133
Саша Ленартович. Горький звонок Еленьке. – Уроки митинговых выступлений. – Саша комендантствует в особняке Кшесинской. – Вожди большевиков. – Приёмы ленинской мысли. – Спор о крестьянстве. – Спор о национальном самоопределении. – Алогичная сила воздействия: Ленин всегда побеждает. – Новый ЦК. – Гимн «Интернационал».Полтора месяца не видел Еленьки – и не звонил. Несколько раз брал трубку с горячей волной в груди – и клал. Не надо.
Но на днях, толчком, – позвонил.
Не оборвала разговора. Про себя – ничего, а стала расспрашивать, может быть, только из вежливости. И Саша спроста рассказал, что сильно выдвинулся в особняке Кшесинской, стал тут за своего, и комендантствует.
И вдруг милый певучий еленькин голос изменился, отдалился. Сказала:
– Ну знаешь, и разговаривать не хочется… Зачем же в людей стреляете?..
И не успел возразить, как:
– Прости, мне надо идти.
Положила.
Такая горечь охватила, такая досада и пустота. Зачем звонил?
Не – зачем звонил, а – зачем сказал?..
Но и отряхнулся: да провалитесь вы все, почему я должен скрывать свой выбор? Мне – это нравится, я сам к этому пришёл, – а вы думайте, как хотите.

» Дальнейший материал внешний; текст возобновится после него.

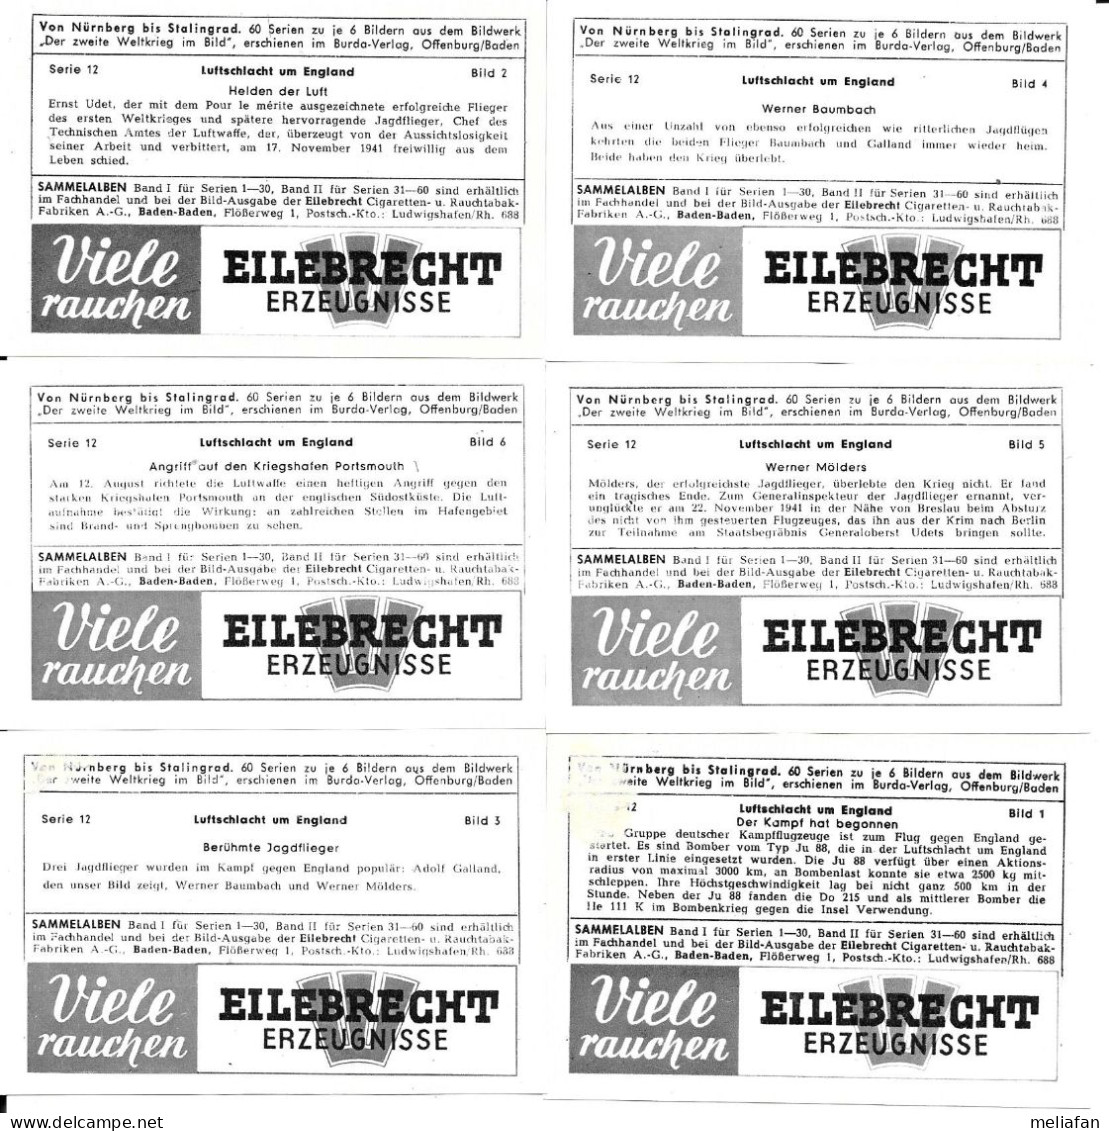 BZ12 - SERIE 6 IMAGES CIGARETTES EILEBRECHT BATAILLE D'ANGLETERRE - ERNST UDET ADOLF GALLAND WERNER MOLDERS WERNER BAUMB - 1939-45

Где-то прочёл: «Студенчество – пушечное мясо революции». Это написано было в виде брани, а Саше понравилось: тут есть меткость. Да уж лучше так, чем пушечным мясом вашей войны, как попал в Четырнадцатом. Что он верно понимал (большевики понимают): что солдаты воевать не хотят, но особенно, чтоб им объяснили, что именно через это достигнется царство правды на земле. Хотя не так непосредственно и прямо, но в социальных чертах это было верно, – и Саша подтверждал им с трибун, и ему сильно хлопали. Саша теперь посвободнел в ремесле произносить публичные речи, да и наслушался главных большевиков и самого Ленина, некоторые фразы стояли в ушах готовые, и даже чем грубей фраза, хоть и противно повторять, а сильнее действует. Да не столько важно, поймут не поймут, а всё зависит от уверенности, с какой будешь кричать. Подружась с прапорщиками 180-го полка – Коцюбинским, Тер-Арутюнянцем, Саша вместе с ними водил их полк на Мариинскую площадь 20 апреля и успешно держал там речь, как бы ещё раз брал Мариинский дворец.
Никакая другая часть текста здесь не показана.